Mas ele próprio, Luiz Travassos, mais ou menos na mesma hora em que o Volks rodava por Salvador, estava ainda na estação rodoviária no Rio de Janeiro, completamente exposto, como dizem eles, discutindo com a moça de um guichê. Dormiu demais, perdeu o ônibus. Não tinha nada de bagagem e absolutamente nenhum tostão no bolso. E queria fazer valer a passagem para o ônibus seguinte.

Luis Travassos, 22 anos, é um moço magrelo, meio alto, de voz e sorriso muito calmos, mas que numa assembléia ou concentração de estudantes se transforma. “Falando é um leão”, dizem dele. Nasceu para as políticas de estudantes na Faculdade de Direito da Universidade Católica de São Paulo. De lá foi eleito presidente da UEE-SP. E, depois desse dia, trocou uma casa confortável no bairro de Santo Amaro, na capital paulista, por uma vida corrida de reuniões, prisões, discursos e fuga da polícia.

Seu pai, pequeno industrial, não o viu mais. Luis mora em qualquer casa, veste qualquer roupa. Está sempre meio sujo, meio barbudo, só troca de camisa quando a noiva consegue achar alguém que vai encontrá-lo e manda uma. Dinheiro, está sempre sem nenhum. Não procura a família, para não “complicar o pessoal”, mas não consegue esconder um pouquinho de emoção, um certo olhar para cima, quando fala deles:

– Eu tenho esperança de que logo haja liberdade para vê-los, sem deixar de fazer o que faço atualmente.

Pois naquela manhã na rodoviária, a sorte de Luis foi que apareceu outro líder estudantil com o mesmo destino, Salvador, levado até a rodoviária num carro “especial”. Travassos aproveitou o carro e conseguiu alcançar seu ônibus alguns quilômetros adiante. Mas esqueceu  de pedir dinheiro emprestado, e fez suas trinta horas de viagem sem comer um único sanduíche.

E o Sr. Travassos precisava chegar de qualquer jeito, pois, sendo o líder de um dos lados UNE, tinha que estar lá, para tentar fazer valer seus pontos de vista, dentro da UNE dividida.

Essa divisão começou logo depois do 29º Congresso, no ano passado, em São Paulo, quando Travassos foi eleito, junto com outros novos diretores. A diretoria deveria escolher um representante brasileiro para a OCLAE, Organização Continental Latino-Americana de Estudantes, com sede em Cuba. Travassos e mais três diretores apoiavam o nome do estudante José Jarbas Cerqueira. Os outros seis não discordavam, Mas queriam que houvesse mais representantes, em rodízio. Travassos, em minoria dentro da diretoria, resolveu convocar o Conselho para discutir a questão, onde conseguiu maioria. José Jarbas é hoje o representante dos estudantes brasileiros na OCLAE. Os outros seis diretores não gostaram do golpe.
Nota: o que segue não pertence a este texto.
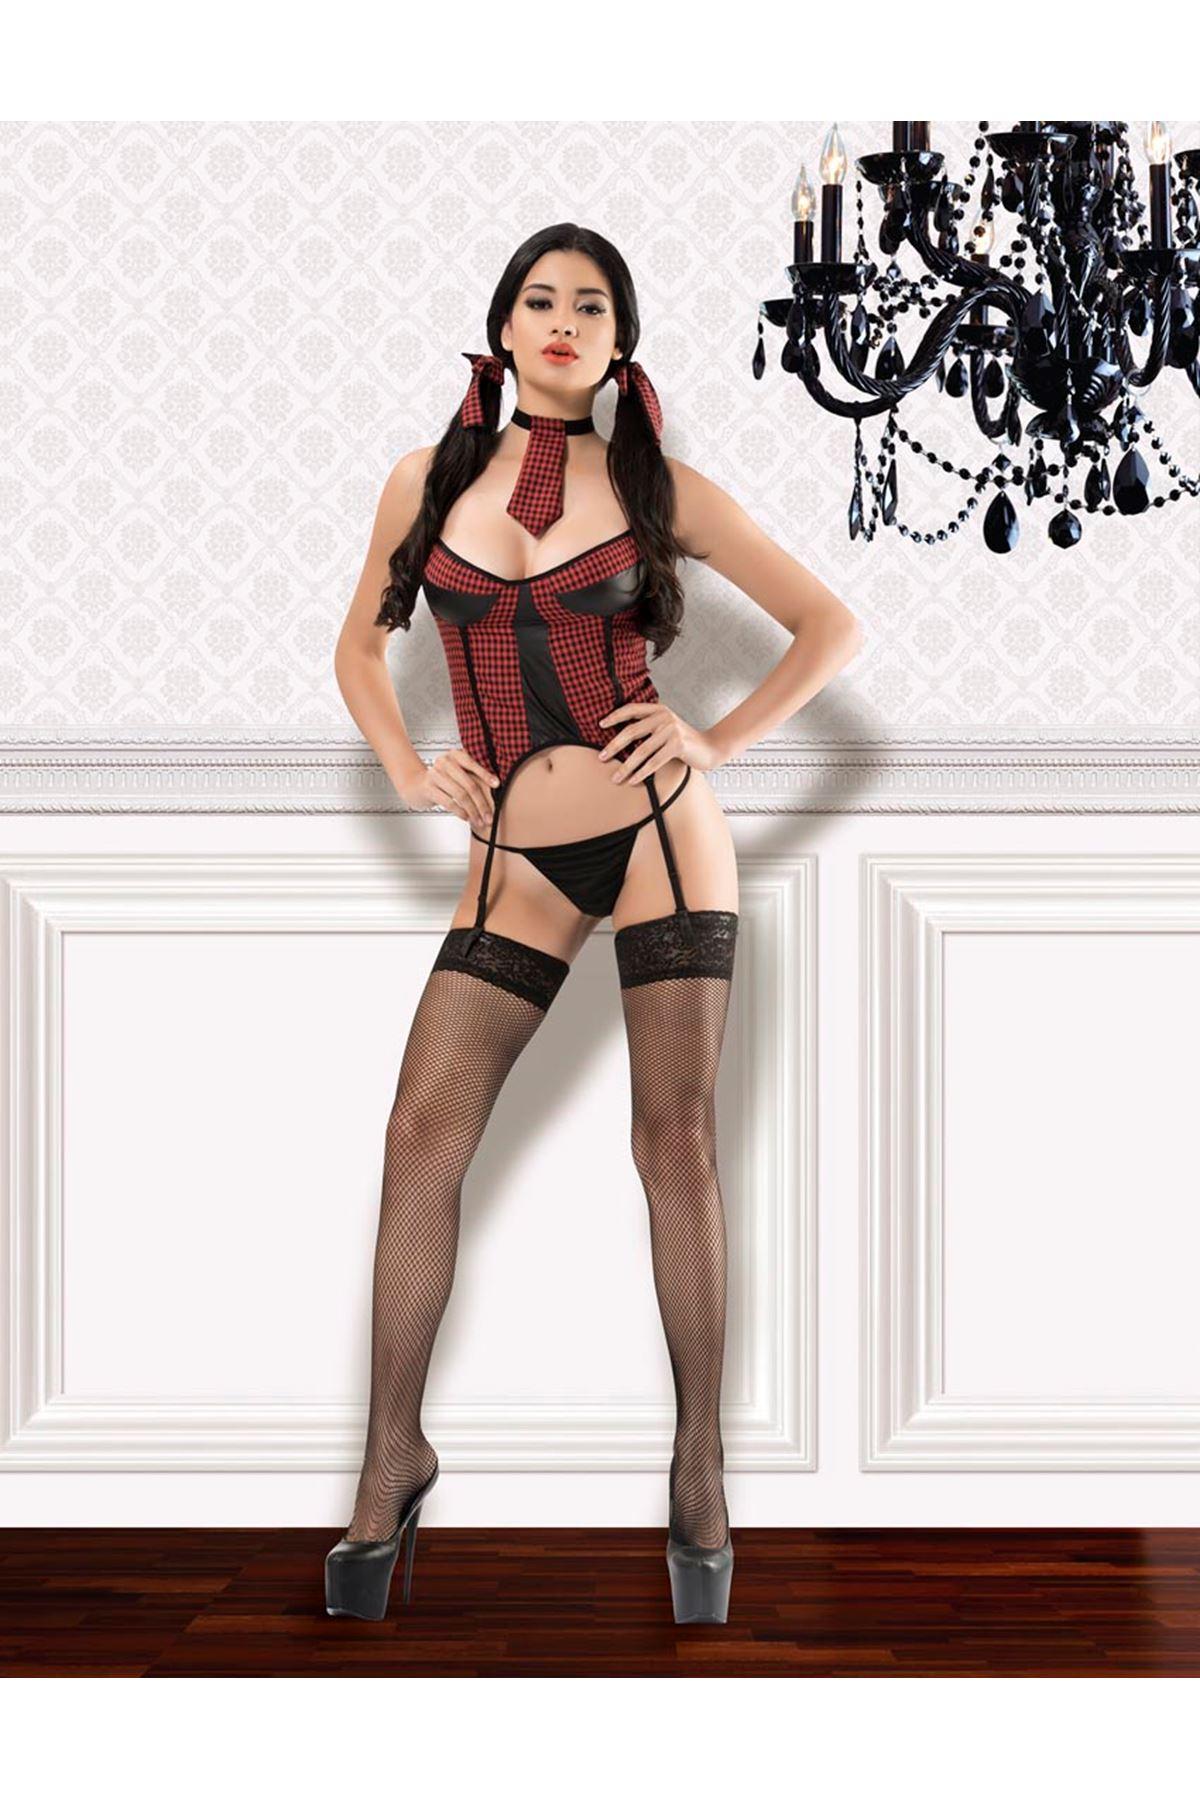 Vip Madame Kadın Fantezi Lolita Kostüm

A UNE e todo o  movimento universitário começou então a se dividir, chegando a tal ponto que logo, logo, pode ser que haja duas UNEs.

Mais divisões

– Mulher que chega num põe mais nem a cara na janela.

– Qué isso? Por que?

– Ordem da Comissão de Segurança. Você já viu retiro de padres que tem mulher no meio?

A ordem tinha sentido. A Comissão de Segurança do Conselho preparou, com base e coerência, uma história de retiro espiritual, para o caso de alguém mais curioso procurar saber o que fazia tanta gente junta. Catarina Meloni, 24 anos, líder estudantil de São Paulo, era a primeira moça a chegar e a primeira a entrar no esquema.
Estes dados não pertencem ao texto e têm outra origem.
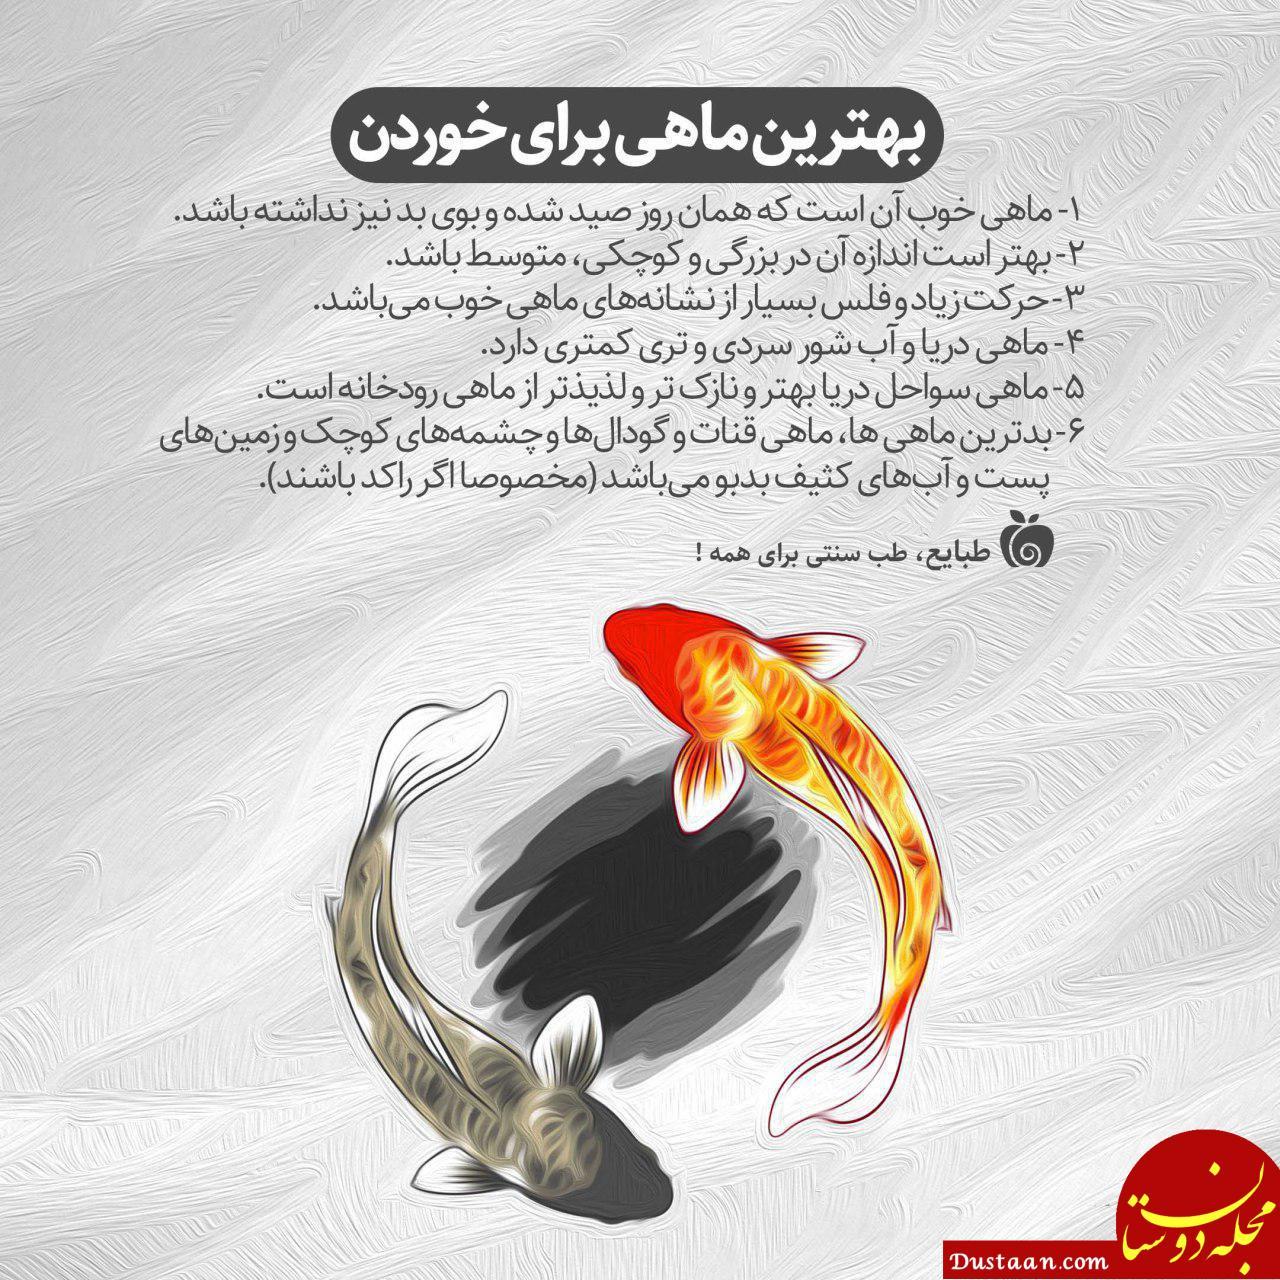 www.dustaan.com بهترین ماهی برای خوردن چه ویژگی هایی دارد؟

Sua chegada provocou algum zunzum, fazendo prever, entre os entendidos, muita briga no Conselho. É que Catarina, quando Travassos deixou a presidência da UEE-SP para assumir a presidência da UNE, ficou no lugar dele. As coisas correram normalmente até outubro do ano passado, quando ela convocou novas eleições. Nessa altura, o movimento estudantil já estava nitidamente dividido em “radicais” e “conciliadores”.

A eleição foi uma bagunça. Houve fraude para os dois lados. Além disso, a chapa de oposição foi acusada de ter mandado queimar os votos da Faculdade de Filosofia da USP, alegando os regulamentos e a invasão da escola por estudantes do Mackenzie, que queriam impedir a votação.

Catarina resolveu não dar posse a nenhuma das chapas, por causa da bagunça toda. Mas não adiantou nada. A outra chapa, cujo presidente é um dos líderes da Faculdade de Direito da PUC, José Dirceu, tomou posse por sua própria conta.

– Isso é cupulismo!- saiu gritando por ai a Catarina, depois que uma nota da maioria da diretoria da UNE (aqueles seis) reconhecia Dirceu, da UEE-SP.

Dentro da UNE a briga também foi grande. Travassos e mais três defendiam nova eleição, enquanto os outros seis, os mesmos que discordaram no caso do representante na OCLAE, queriam reconhecer José Dirceu. A turma de Travassos ponderava que isso seria intervençãocupulismo e desrespeito à massa estudantil. Pelos mesmos seis a quatro de sempre, perderam. Mas convidaram Catarina para o Conselho. Convidaram Dirceu também. E as discussões prometiam boa coisa.

– Eu não aceito a intervenção da UNE. O Conselho tem que vetar essa decisão – dizia Catarina, entre calma e agitada, enquanto era gentilmente empurrada para dentro de um Aero-Willys.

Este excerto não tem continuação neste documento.